Mathematically, the question is wrong because clearly you now have a negative balance. Furthermore, after the
fifth payment (i.e. after only 2.5 years), the balance is already negative. But intuitively, the question doesn't make sense either. Try to think about it intuitively like this. Your debt is only $5000. Since you're only gonna pay 4.5% per annum, which becomes 2.25% per half-annum, your first interest charge will be \(\$5000 \times 0.0225 = \$112.50\). That's hardly any interest, when you're paying a whopping $1068.50 every six months. Your balance is getting reduced by something roughly $900.

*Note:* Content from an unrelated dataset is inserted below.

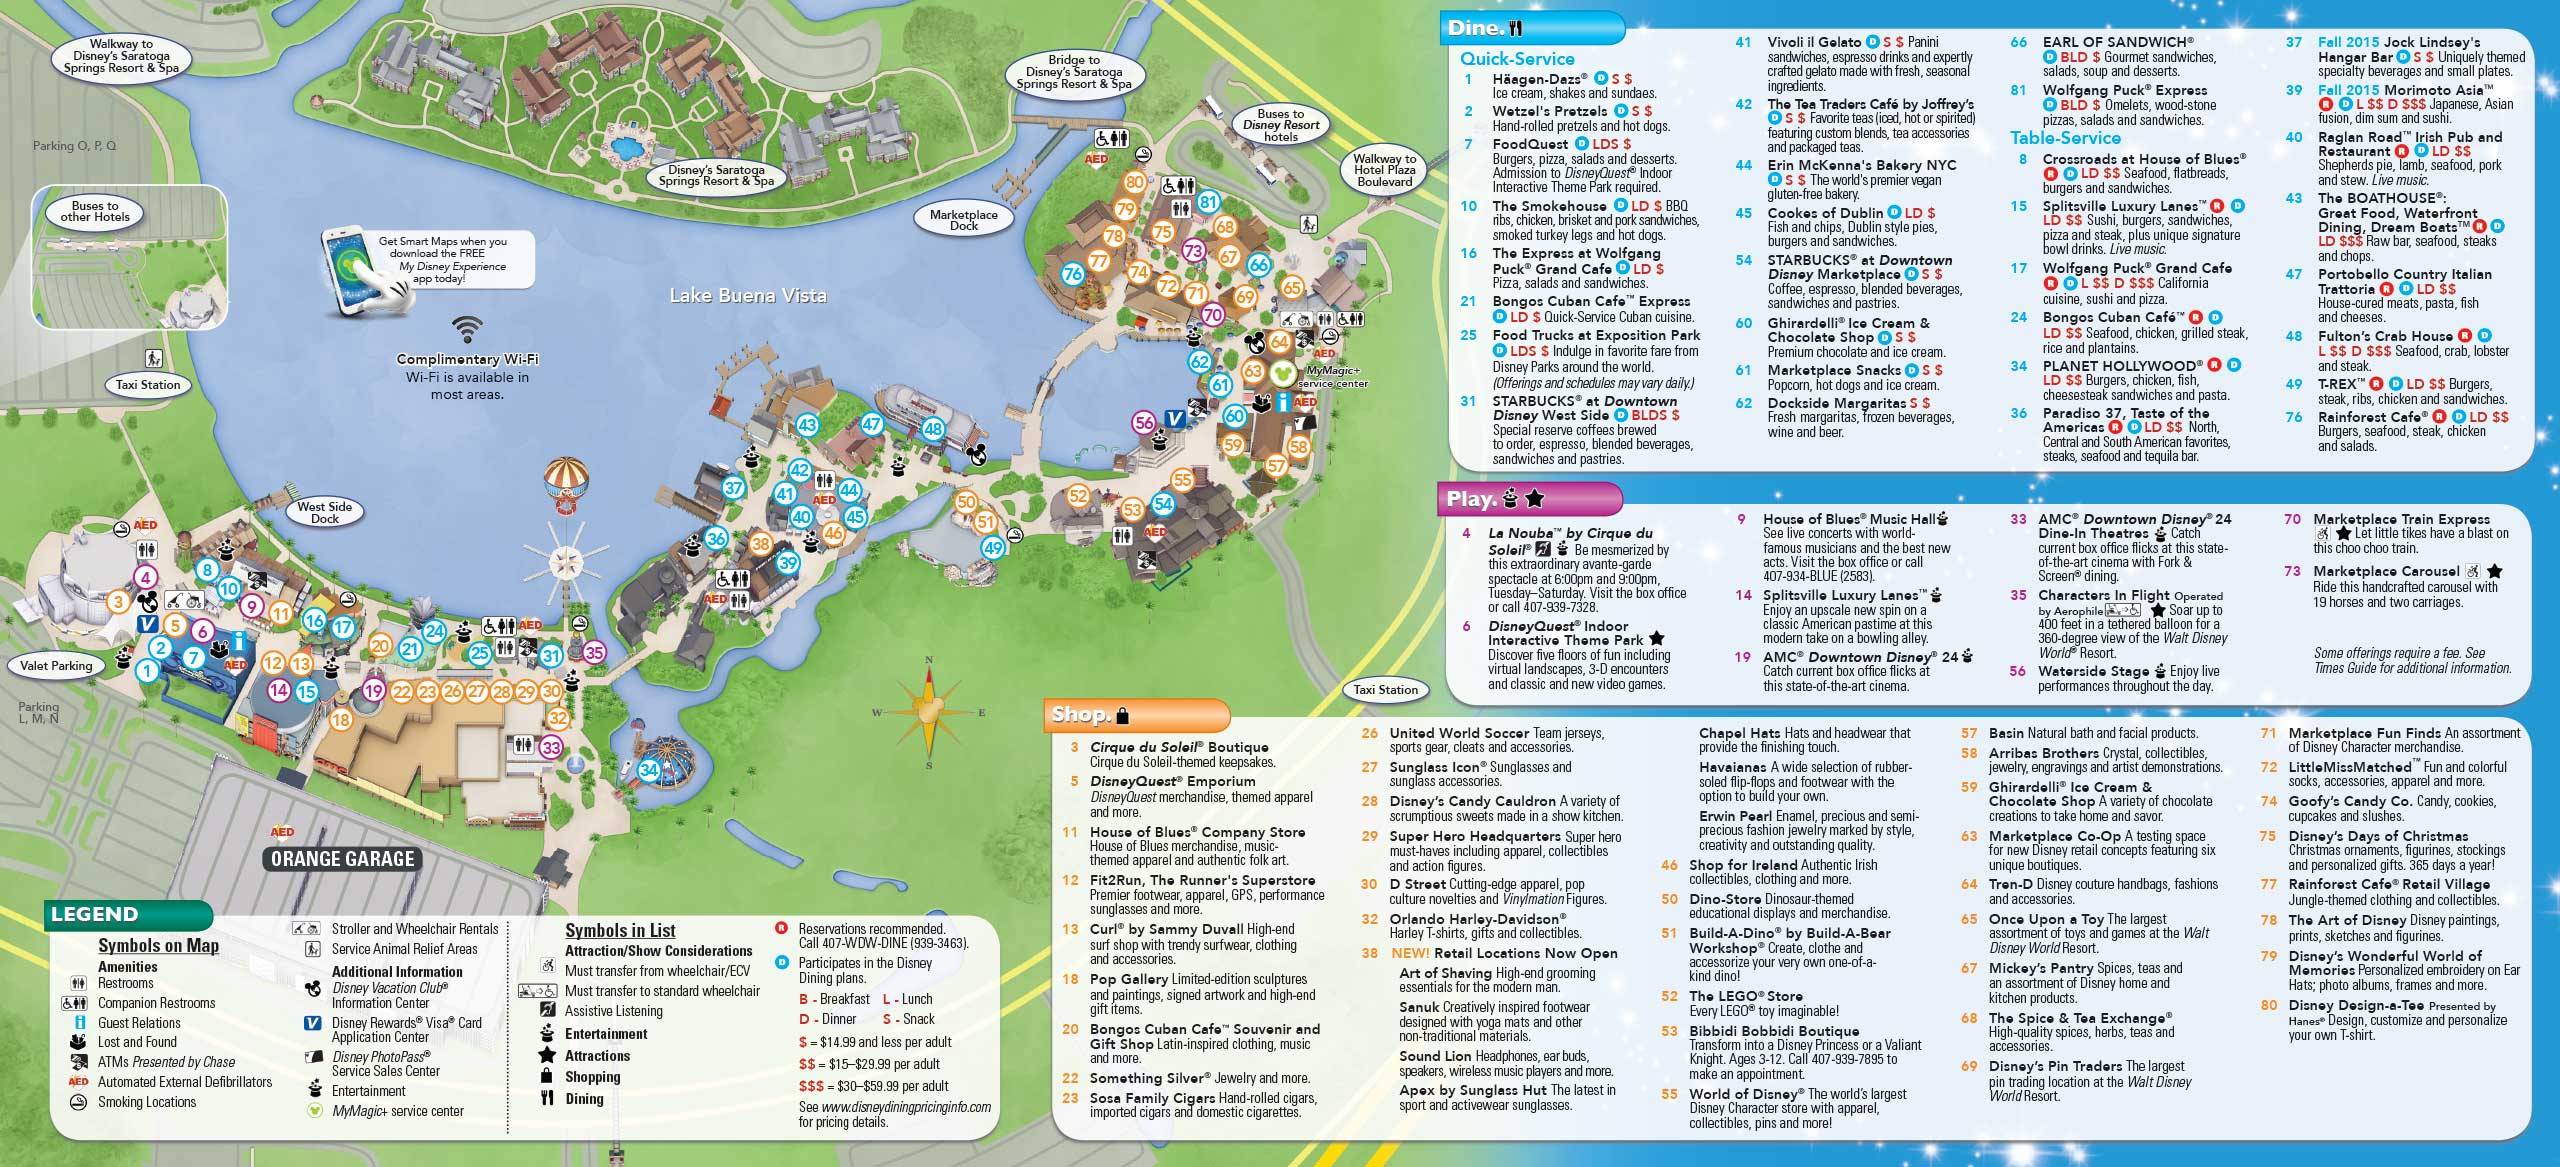 PHOTOS - New Downtown Disney guide map includes Disney Springs name and new restaurants

With each subsequent payment, your owing debt just gets smaller and smaller, and you get charged progressively
less interest. So you're gonna get your balance reduced more rapidly, as time goes by. If your debt goes down by $900 (which is remarkably close to $1000) each 0.5 years, then intuitively you'd expect that around 2.5 years you would have a debt very close to $0.
So no way would it take a full 5 years to settle the debt. At most 3 years should've been enough intuitively. (Mathematically, it turns out 2.5 years is enough.)

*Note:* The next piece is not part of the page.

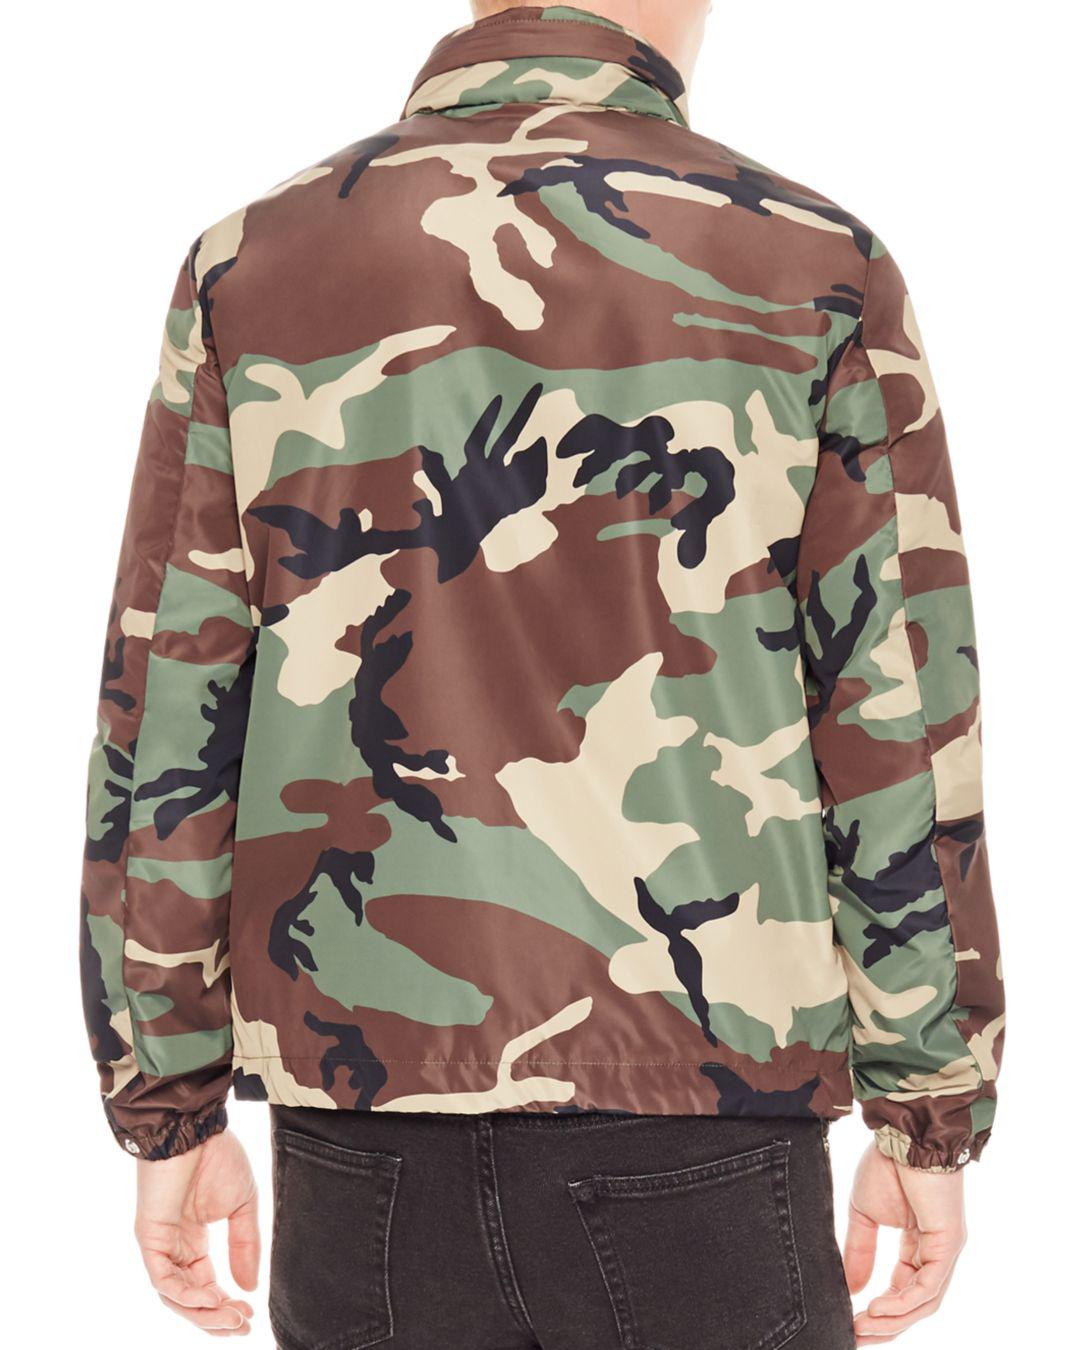 Sandro Electric Camo Jacket in Olive Green (Green) for Men - Lyst

Something in the question has to therefore be off. My first instinct was "what if one of those values was not correctly converted"?
- Attempt 1: Starting balance was $10000, not $5000. But this doubling of the opening balance definitely makes no sense, because you suddenly have to pay a lot more. Indeed, this did not remedy things.
- Attempt 2: Given payment was the (net) amount paid in the year; therefore the half-annum payment is actually $534.25. This yields a closer balance (after 3 years) of $2322.82, but is still pretty far off.
- Attempt 3: The 4.5% interest rate is actually a half-annum rate (meaning the p.a. rate was 9%). But this increased interest rate still isn't high enough, and we end up with the negative balance -$665.70 after 3 years.
- Attempt 4: Everything was actually just annual; nothing was half annum. Yearly payments of $1068.5, yearly compounding at 4.5% p.a.. This gives $2353.91; again quite close, but not close enough.
Therefore all my attempts at "fixing" the question failed either. So as it stands, I have no clue where they generated their values from.